#### [Exercise objective]
When you copy the material below, keep every line exact and drop the pictures.

BEGIN

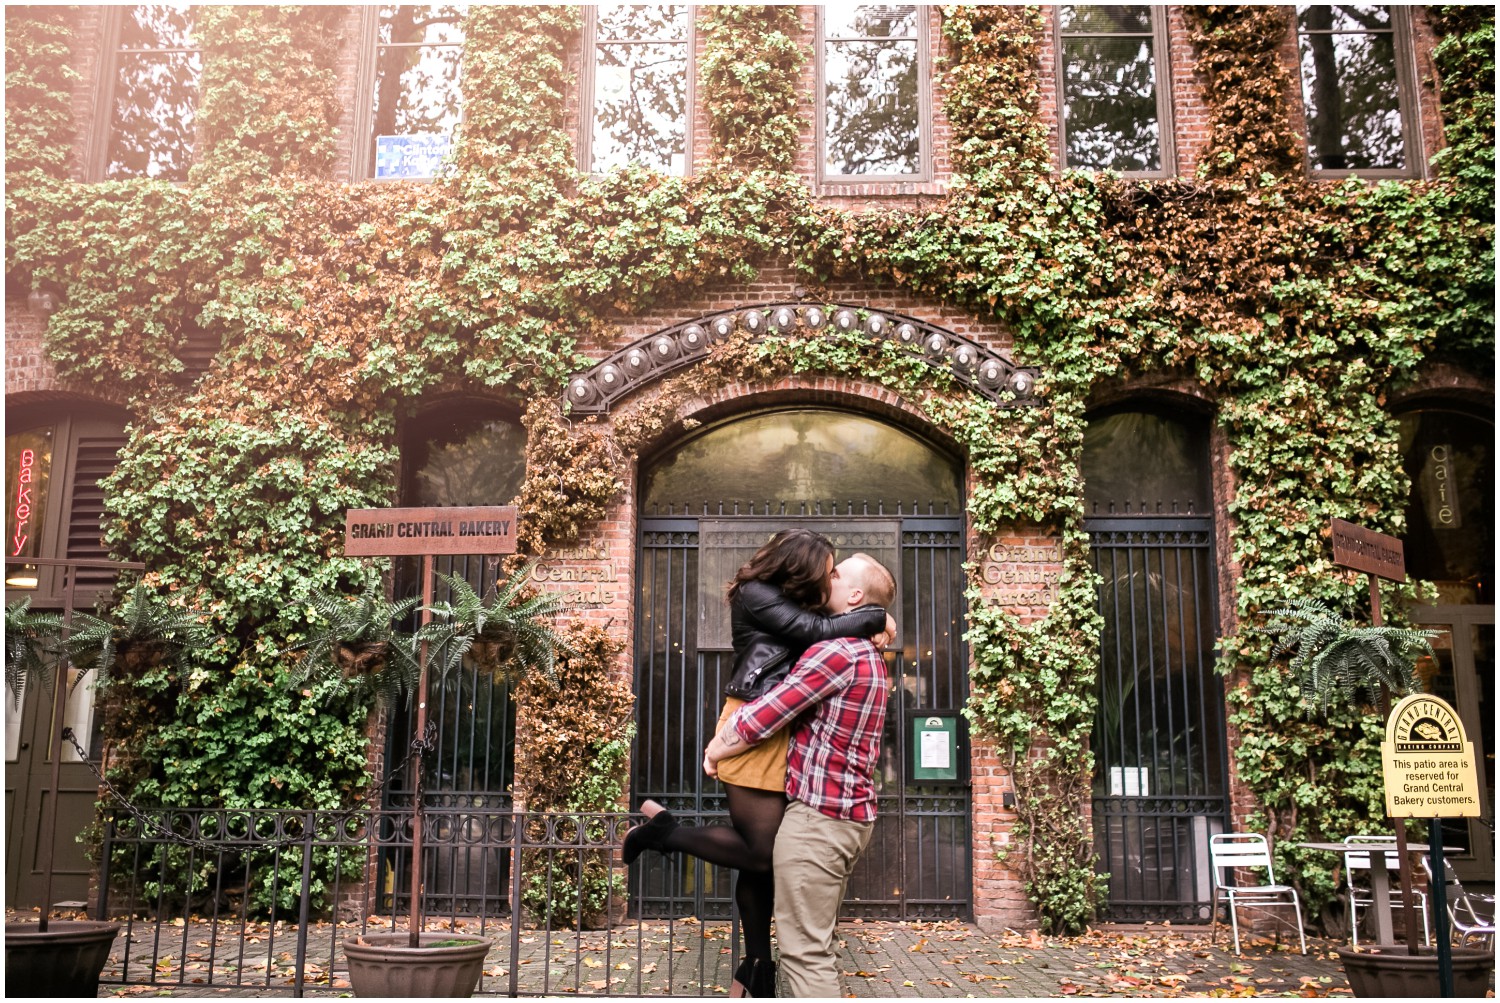 A Magical Rainy Engagement Session in Downtown Seattle
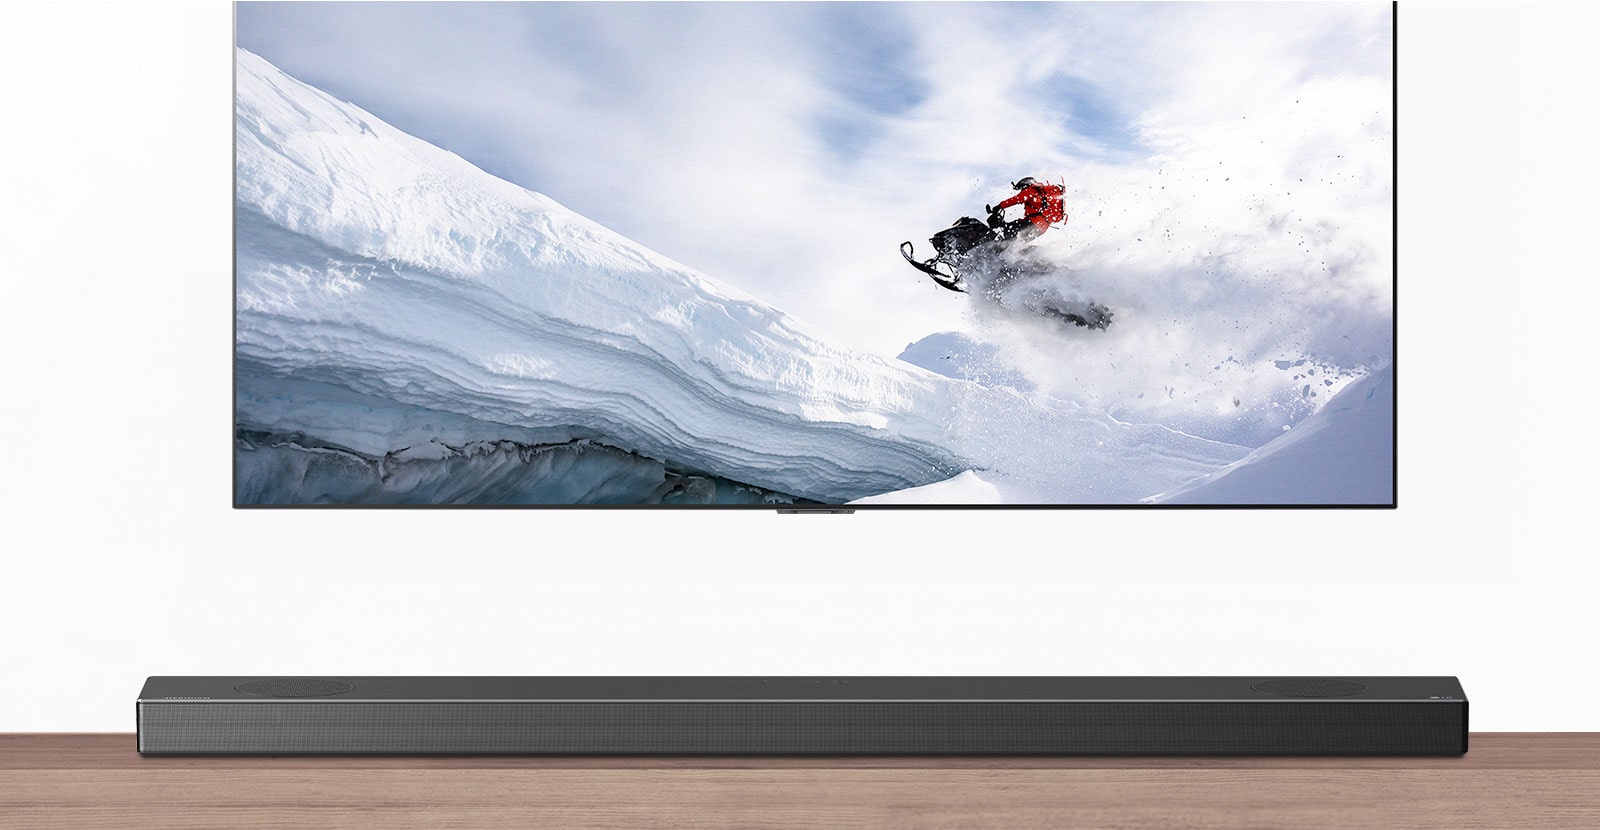 TV and Soundbar are seen from the front. TV shows man riding snowmobile in the snowy mountains. HDMI 2.1 logo is below TV. 
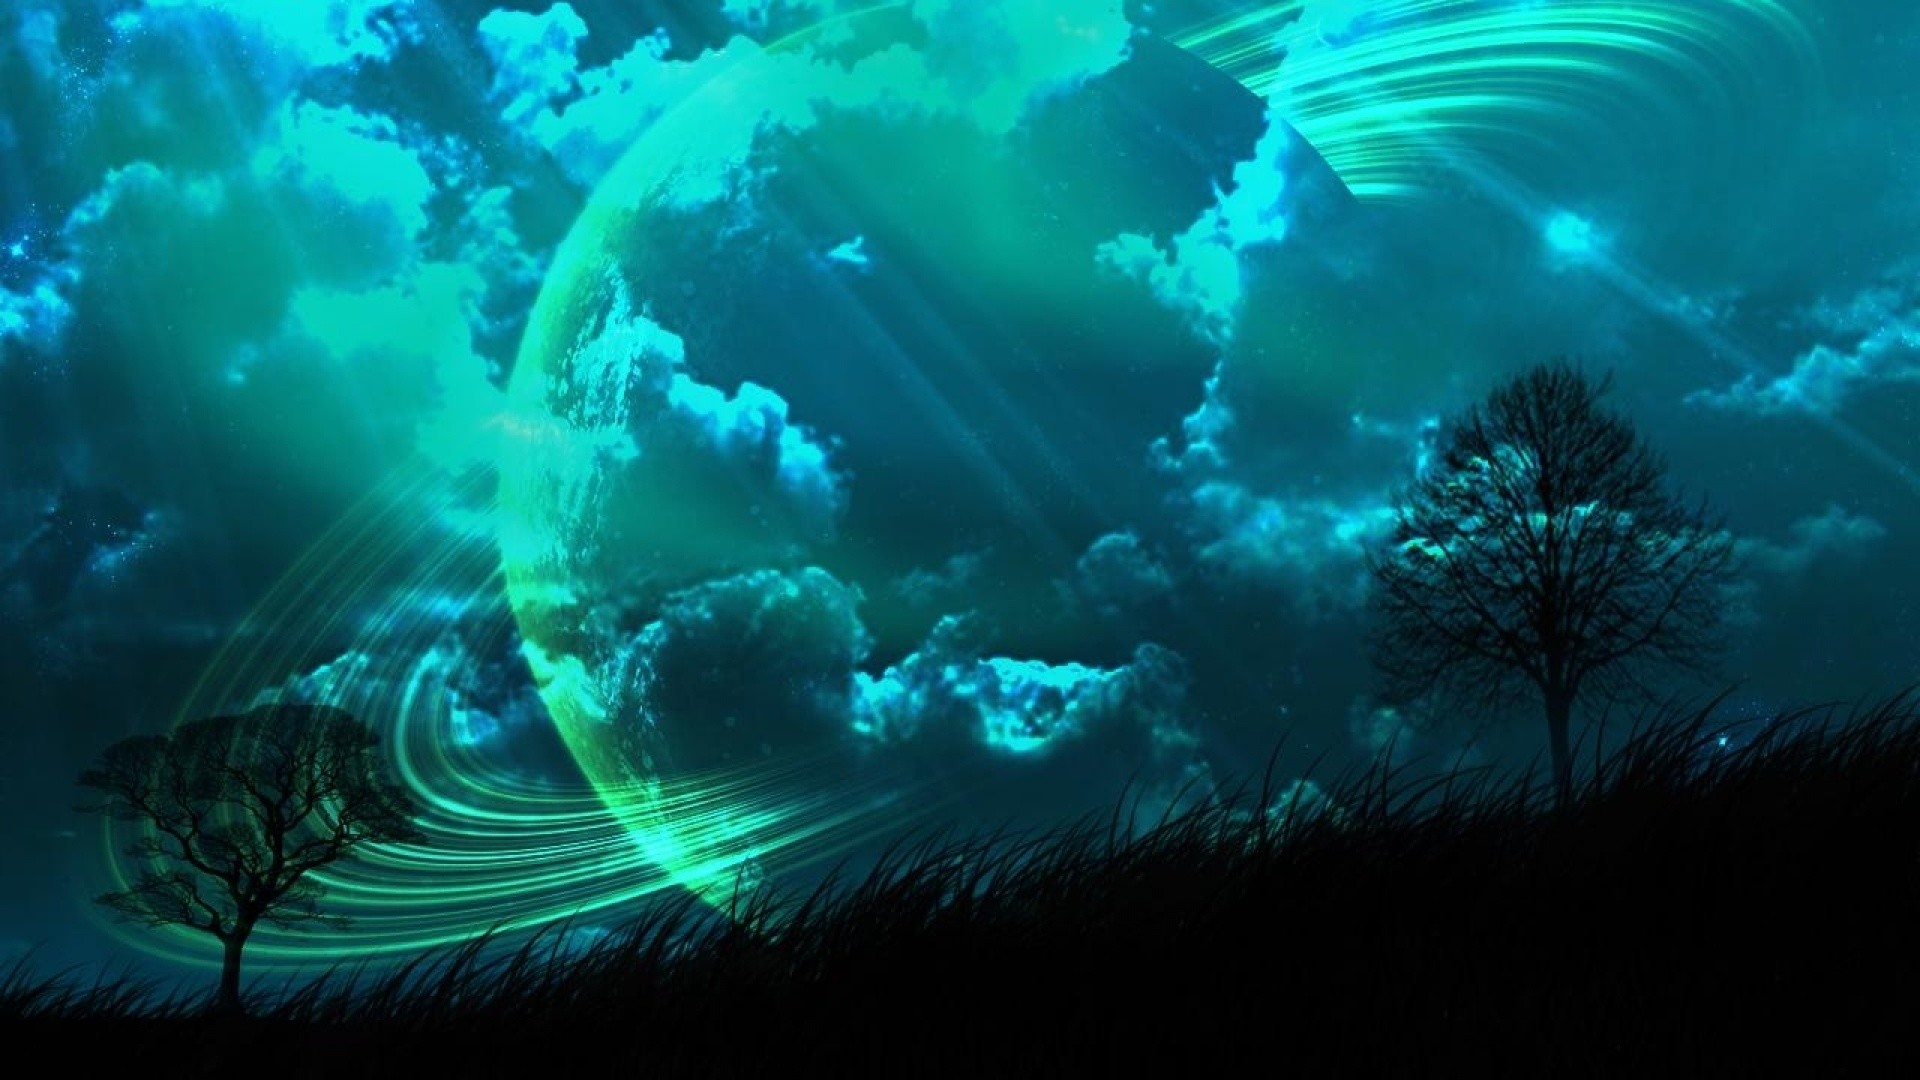 1920x1080 abstract planet dark nature teal wallpapers desktop images download windows  wallpapers amazing colourful 4k picture artwork lovely 1920Ã1080 Wallpaper  HD
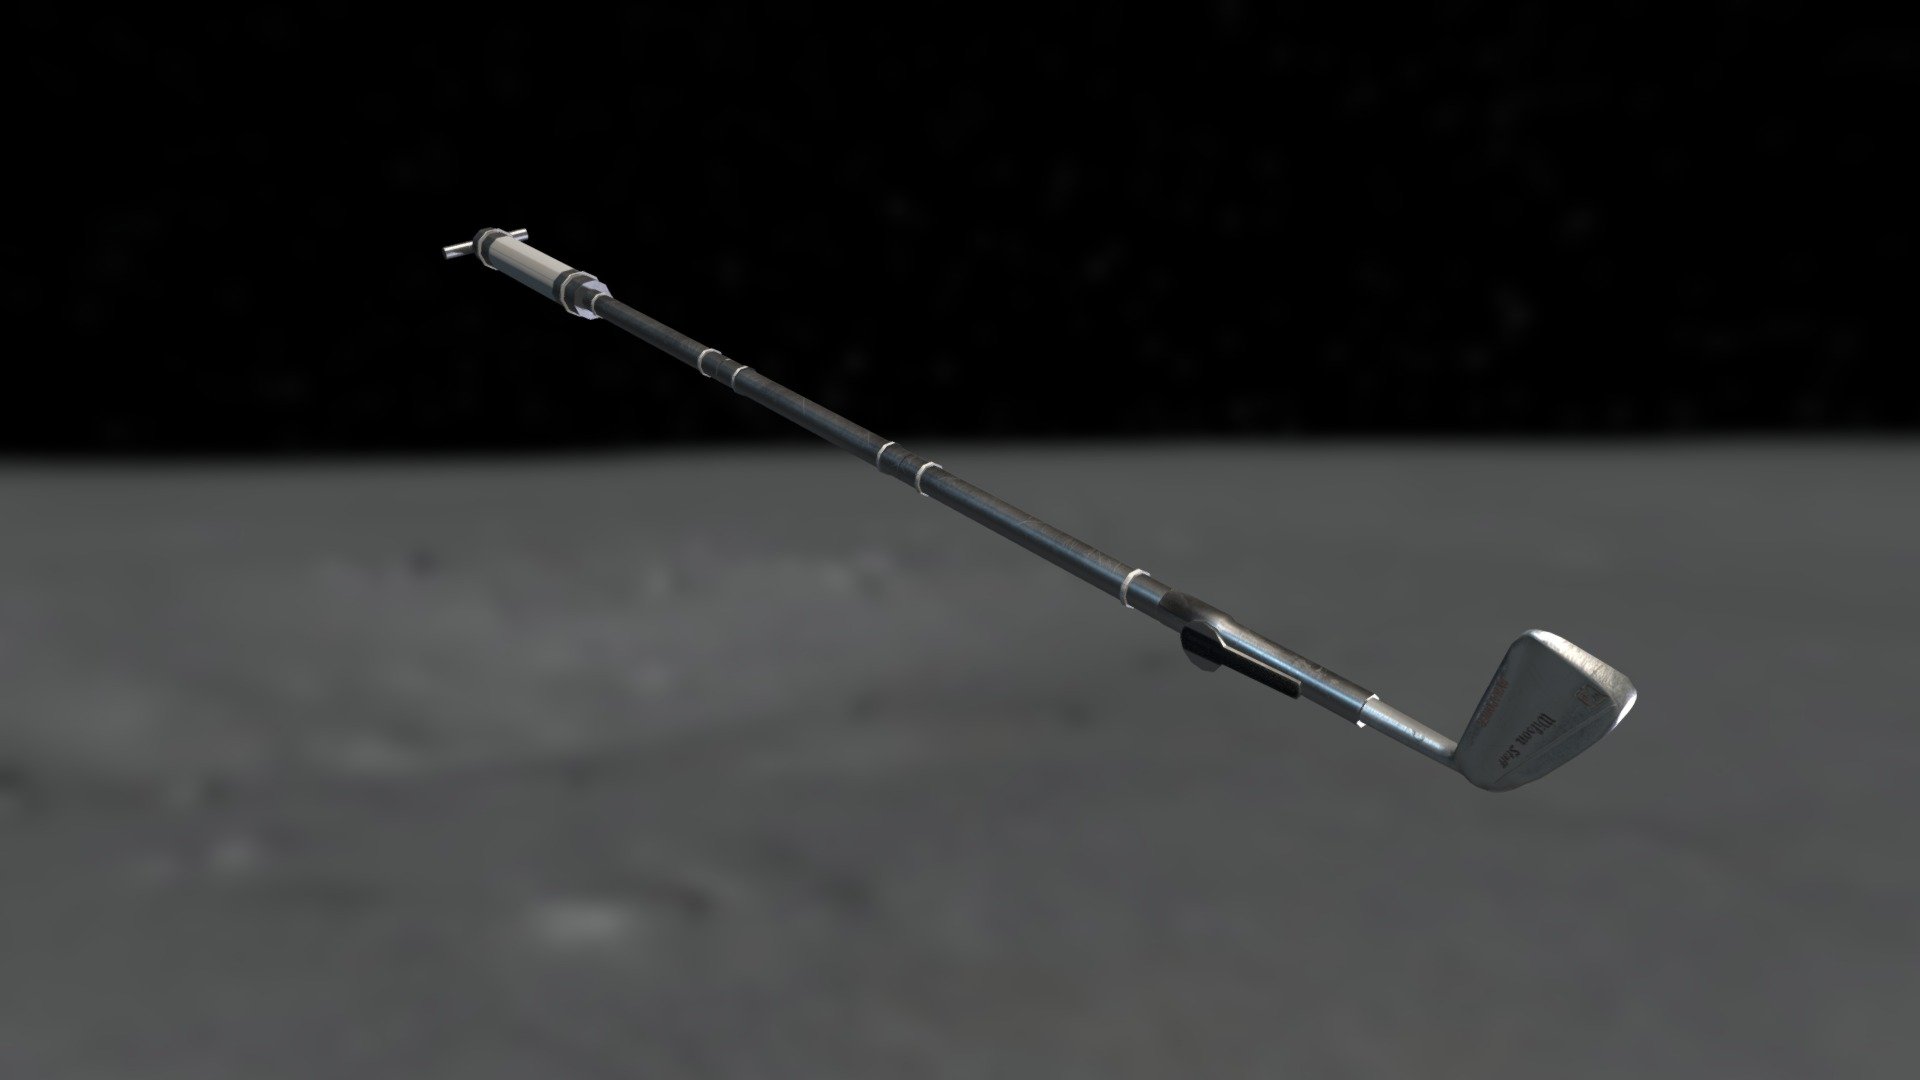 See Arc/k Catalog Page - https://collections.arck-project.org/view/ARCK3D0000000701

On Feb. 6, 1971, Apollo 14 astronaut Alan Shepard became the first person to play golf on the moon. He smuggled a makeshift golf club head onto the spacecraft inside a sock. The first ball he hit veered into a nearby crater, but with a solid second swing, the next ball soared for &ldquo;miles and miles and miles

END

#### [Written solution]
 A Magical Rainy Engagement Session in Downtown Seattle
 TV and Soundbar are seen from the front. TV shows man riding snowmobile in the snowy mountains. HDMI 2.1 logo is below TV. 
 1920x1080 abstract planet dark nature teal wallpapers desktop images download windows  wallpapers amazing colourful 4k picture artwork lovely 1920Ã1080 Wallpaper  HD
 See Arc/k Catalog Page - https://collections.arck-project.org/view/ARCK3D0000000701

On Feb. 6, 1971, Apollo 14 astronaut Alan Shepard became the first person to play golf on the moon. He smuggled a makeshift golf club head onto the spacecraft inside a sock. The first ball he hit veered into a nearby crater, but with a solid second swing, the next ball soared for &ldquo;miles and miles and miles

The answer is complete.